Dataset section
○ ○ ○ ○ ○

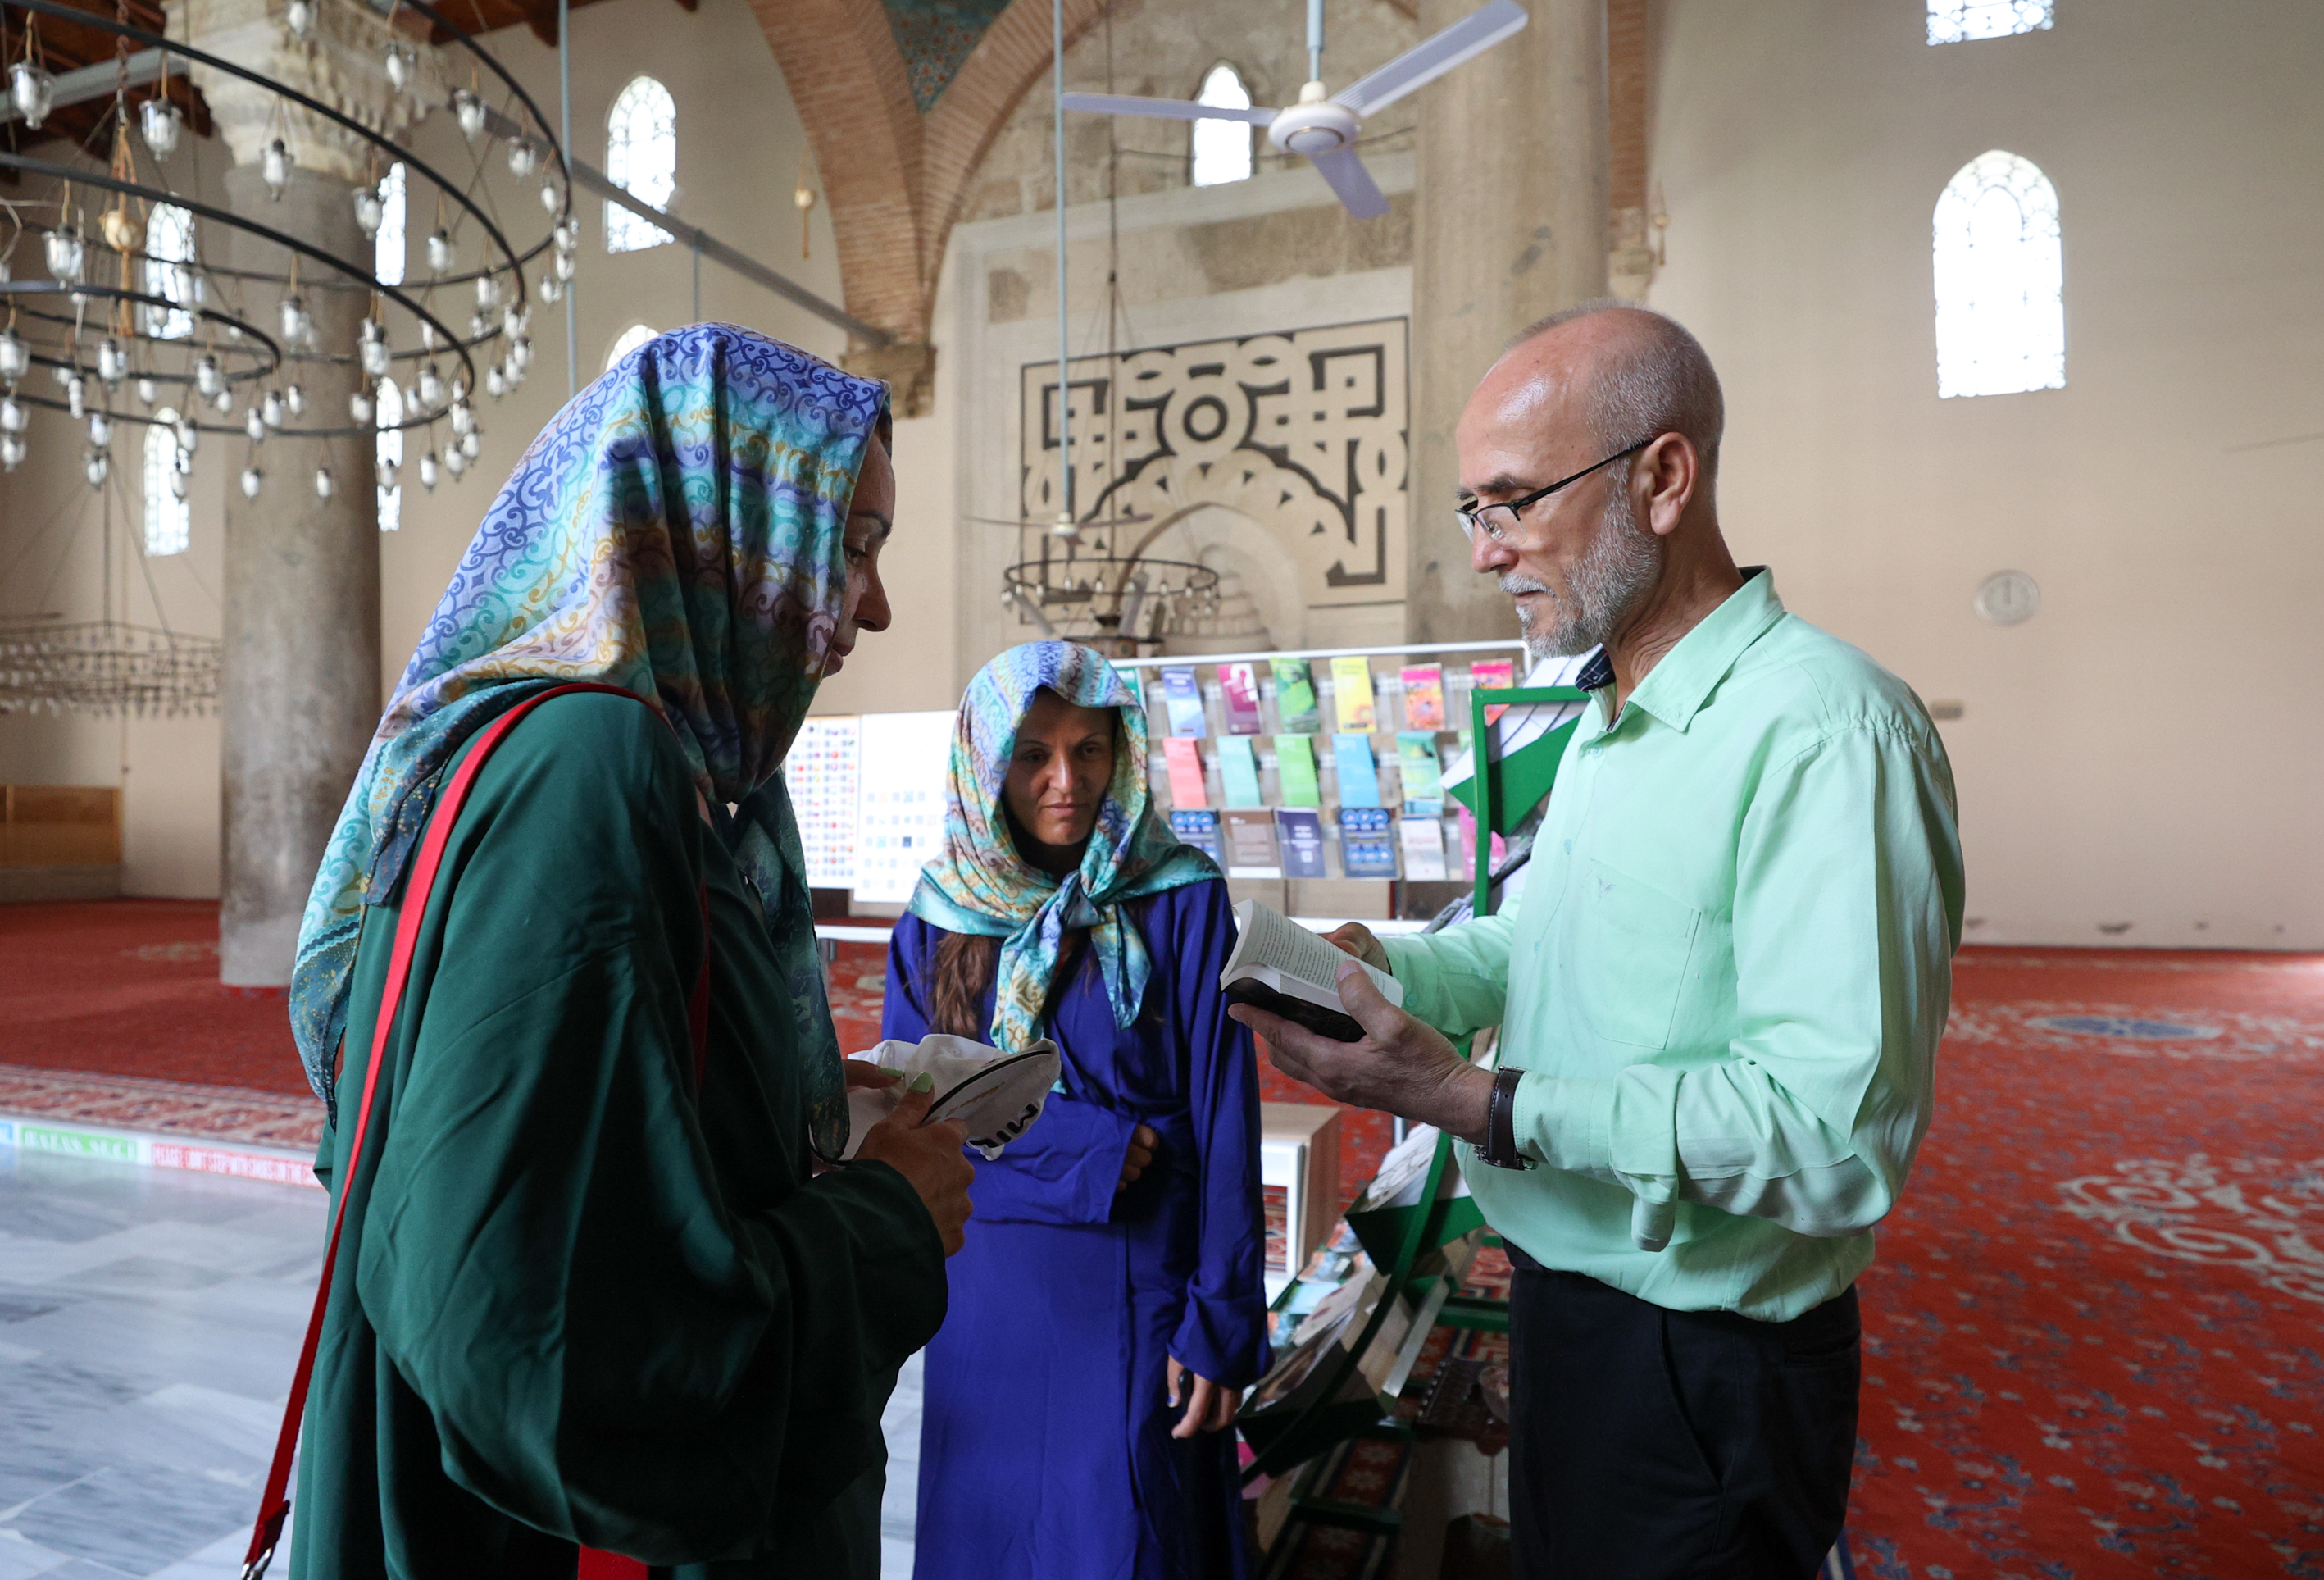 Şehit babası imam İbrahim Taşdemir camiye gelen turistlere 25 dilde hitap edip abdest almayı öğretiyor
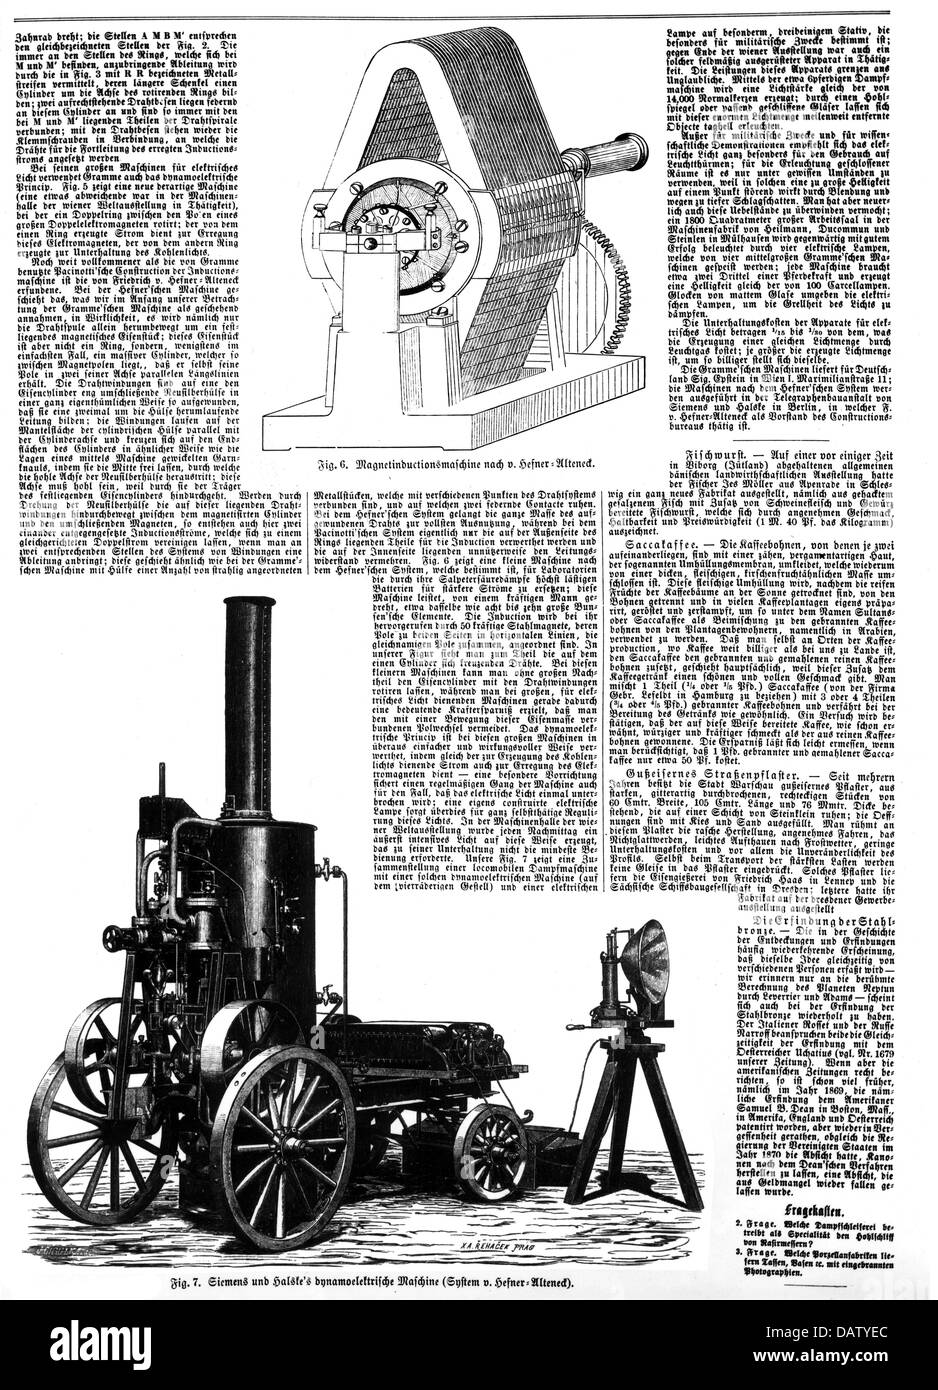 Siemens, Werner von, 13.3.1816 - 6.12.1892, German businessman and inventor, dynamoelectric engine by Siemens and Halste, 1866, Stock Photo
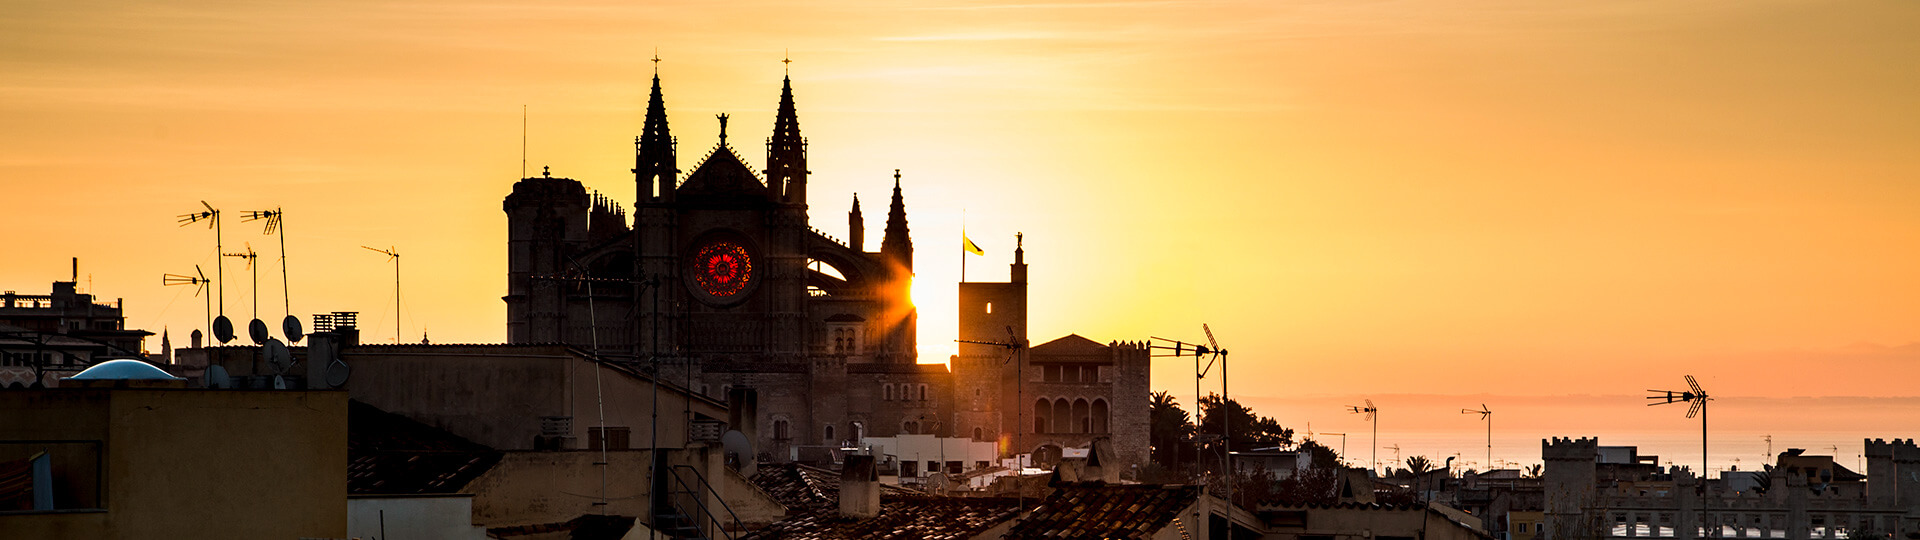 Cattedrale di Palma di Maiorca al tramonto

○ ○ ○ ○ ○

Task to carry out
Copy the material exactly. Do not include the pictures.

Problem solution
 Şehit babası imam İbrahim Taşdemir camiye gelen turistlere 25 dilde hitap edip abdest almayı öğretiyor
 Siemens, Werner von, 13.3.1816 - 6.12.1892, German businessman and inventor, dynamoelectric engine by Siemens and Halste, 1866, Stock Photo
 Cattedrale di Palma di Maiorca al tramonto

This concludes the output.